Thank you so much for your reply Wilson. It's good to hear a response to my specific situation. I'm out now. Survived the night (no sex.) We said goodbye this morning. I'm at work and he will be leaving this afternoon. I will be packing all week and am glad he will be gone. I will be in my new place before he gets back. Even though it is the very beginning of my commitment to NC (4 hours lol) I can already see that it is the right thing to do. It will be difficult, but the hurting must stop.

 

All morning I've been finding places online to change my address for credit cards, license, everything. I am looking forward to starting my new life (at the moment), and bracing myself for the emotional roller coaster that will be the next several months. You'll probably be seeing me a lot around here. ;)

Posted

I really commend you for being so strong and mature about this whole thing.

 

One thing I've learned is that there is no 'fair' in love. It just is what it is. I don't think your boyfriend went into the relationship, and stayed together with you, for 8 years, knowing it would end this way. I'm sure it has to be difficult for him too.

 

My ex left me after ten years, and I really took it hard. I just barely held it together, but finally after more than 3 years, I can look back and think - wow - what a great time we had together.
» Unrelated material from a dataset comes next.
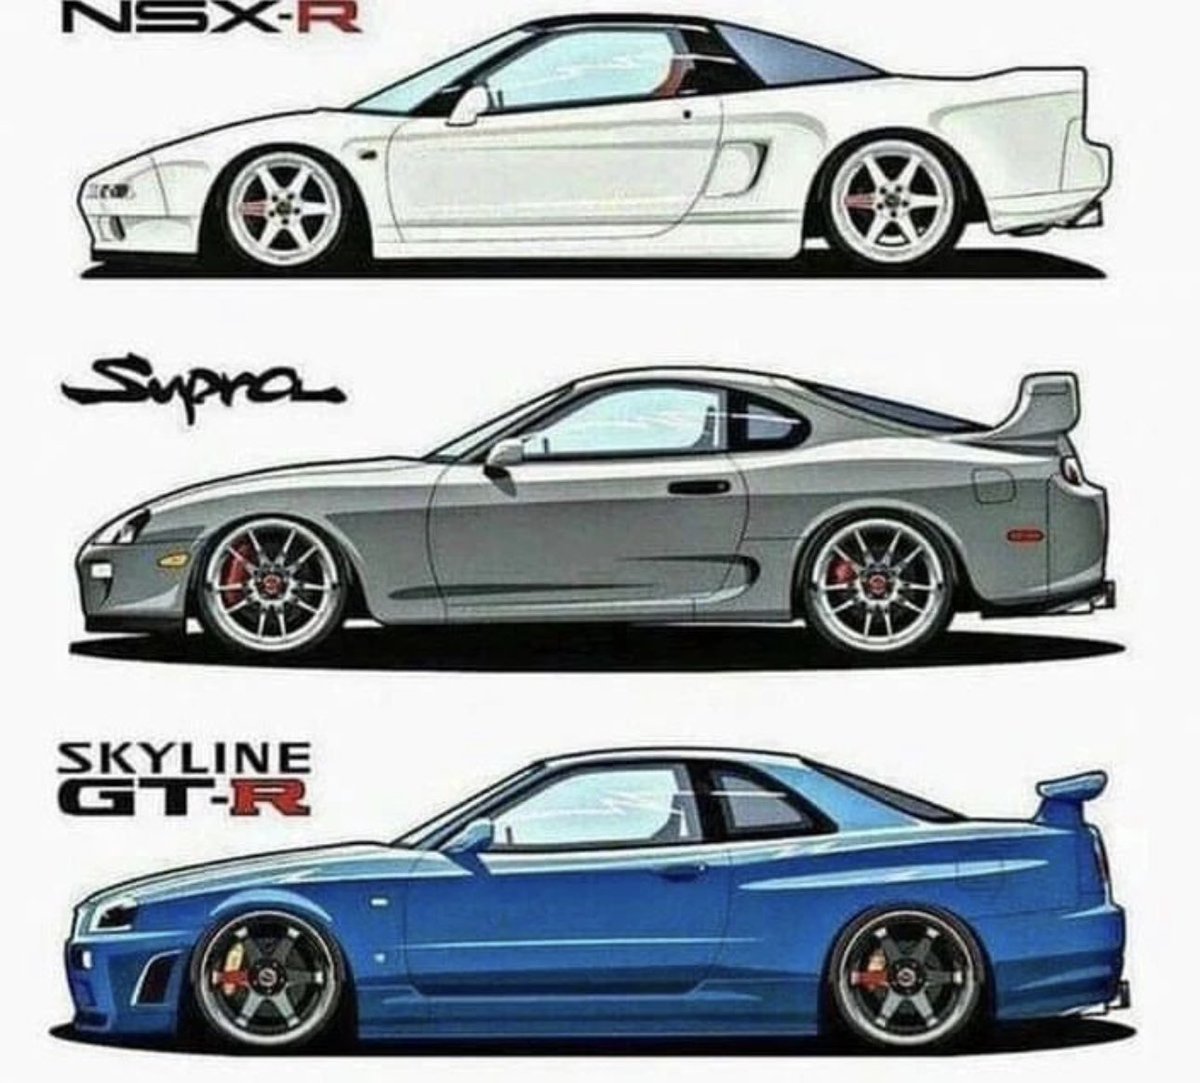 What’s your favorite? 😎🔥

I'm saddened that I lost her, but I know it was for the best. I can't even believe I am saying this, as I held onto this hope that somehow I'd get her back.

 

Sometimes love blossomed into something more, and sometimes it withers away. Why? I don't know... But you know you had something great - but what if there is something better? You definitely deserve someone who is going to be there 100% for you, without a doubt.

 

It'll be rough, but know that it will get better. I've survived, and so will you. It takes a long time, but it's not wasted time. Just be good to yourself, and be selfish for once. Now is the time for you to figure out what it is you want.